Аннотация: Геннадий Каневский. Как если бы. Стихотворения. Геликон Плюс Амфора, СПб, 2006. - 100 с.
Хорошо ли у вас с античностью? А знаете... в сущности, и наплевать, как у вас с ней.
В культуре, держащей паузу в корневом - нравственном - развитии, поэт, раскочегаривающийся на "сюжетах", дароносен. Прилагательное от "тропов" - "тропический".
Ведь для кого-то Протей - бог Скуки, а кому-то он - бог Театра, вызволенный Феллини для службы вселенскому кинематографу.
Читая Геннадия Каневского, дыхание близкого карнавала чувствуешь постоянно. Порой и смысловой ряд его откровенно киношно-книжен, и после сеанса долго трясешь головой - где был? Не давали ль тебе под видом просмотра немой довоенной ленты сеанс фрейдистской психоаналитики и не ехидно ль сейчас, выпроводив тебя, разбирает доктор свои записи?
Но ведь есть же пространство, которому дан
Не бессмысленной дудочки звук,
Не убитый давно символистами Пан -
А горячий, бессонный, живой океан
Наших слов, наших тел, наших рук?
Наверняка! И хмурое лукавство, природняющее мировые байки, и вольничающий со слогом сарказм сопоставлений - приглашают в свободу тайную, священную, наедине с ночью и собой.
вот - краткий свет и мрамор подкидной
и снова - перегона перегной
и с каждою минутой - всё темнее
Вольноотпущенник предпочитает вызов, куртуазное соперничество с бытием. И выигрыш предречен полемически, но (биология!) не сюжетно... Лети: ближние, как завещано маэстро Федерико, тянут за веревку вниз.
Отпустят ниточку - и небо пустоты
Бумажным голосом беседует с тобою
Затекает спеленутая петлей нога...
- Пусть не запомнят, где стоял,
Но как упал - споют
От них же, любимых, неделимых, и конспирология. В пробежках по мифологии вызрел в Каневском шутливый герой-разведчик, резидент-шифровальщик, инкогнитальный двойник-связист. Кому лучшая из наук -
свободы - давалась вне личин, за вычетом костюмированного безумия, пусть опровергнет всё наследие скопом, и все его языки с ударением на "ы".
Тупым предметом жизнь нанесена
Из-за угла. Теперь - болит затылок,
Внутри идет гражданская война,
И снится штукатурная стена,
Веревка, табуретка и обмылок.
Это - тоже герой. Кафки или Новалиса, Лондона с Манчестером, чёрта, наконец, в ступе, лишь бы подальше от изнурительного тиканья часов.

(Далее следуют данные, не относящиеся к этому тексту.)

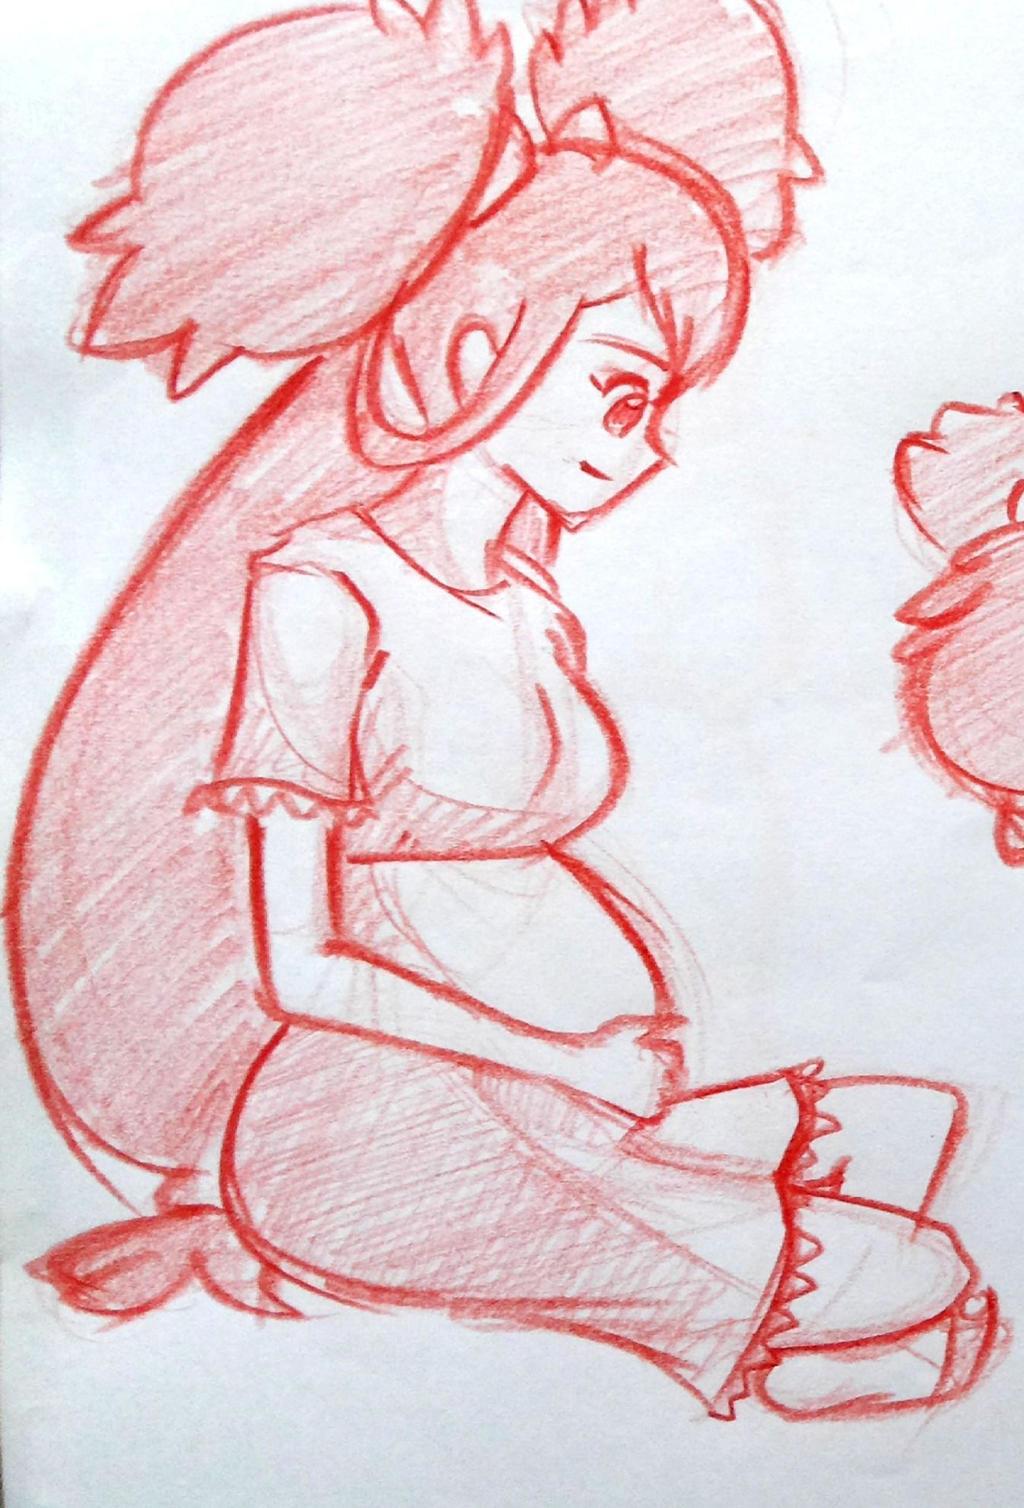 Pokemon Iris pregnant 02 by Skyfer7 on DeviantArt

Спасительна хазарская генетика! Переезды сознания то на летние, то на зимние квартиры с чемоданами тщательно упакованных страстей, стопками томиков, перевязанными шпагатом... Если есть неизбывное, то век породивший, а не век продолживший. И даже - хваткость традиций - век примиражившийся, предпредыдущий, нашептанный у колыбельного изголовья нянюшкой-лагерной романисткой.
И мы, свидетели сего, завидуем, легкости, с какой душа имеет везде по миру, где преклонить голову и где преклониться перед приветным и надменным Градом Истины. Он повсюду. Тем паче, что
Вернуться никому не суждено.
Стучи, топор. Жужжи, веретено.
Слоняйся, время, у калитки рая
Кощунственно добавить - стреляй, винтовка, и петля, - души. Ибо принимается отныне и навечно весь багаж на хранение и этими строками, нарочито лишенными запятых. Мода? Пусть ее. Улисстическое (улиссальное?) скольжение меж сиренных гласов - тоже глас. В строках Каневского предъявлены весомые счета к Старому Свету. Не за многообразие, но, скорее, за цепи общих дыханий, веками приковывающие к веслам не то что одиночками, но целыми племенами.
Блаженно гулять океанскими берегами правд, не примиряя их, но - примеряя. Зная, что конфликты безутешны, и лишь глупцы способны годами и судьбами перетирать тяжкие звенья. С галер два пути - в море и в хозяева галер. Не оттого ли лукавится в глазах победное счастье - гулять именно берегом, пока вдали, на рейде - отбивают склянки?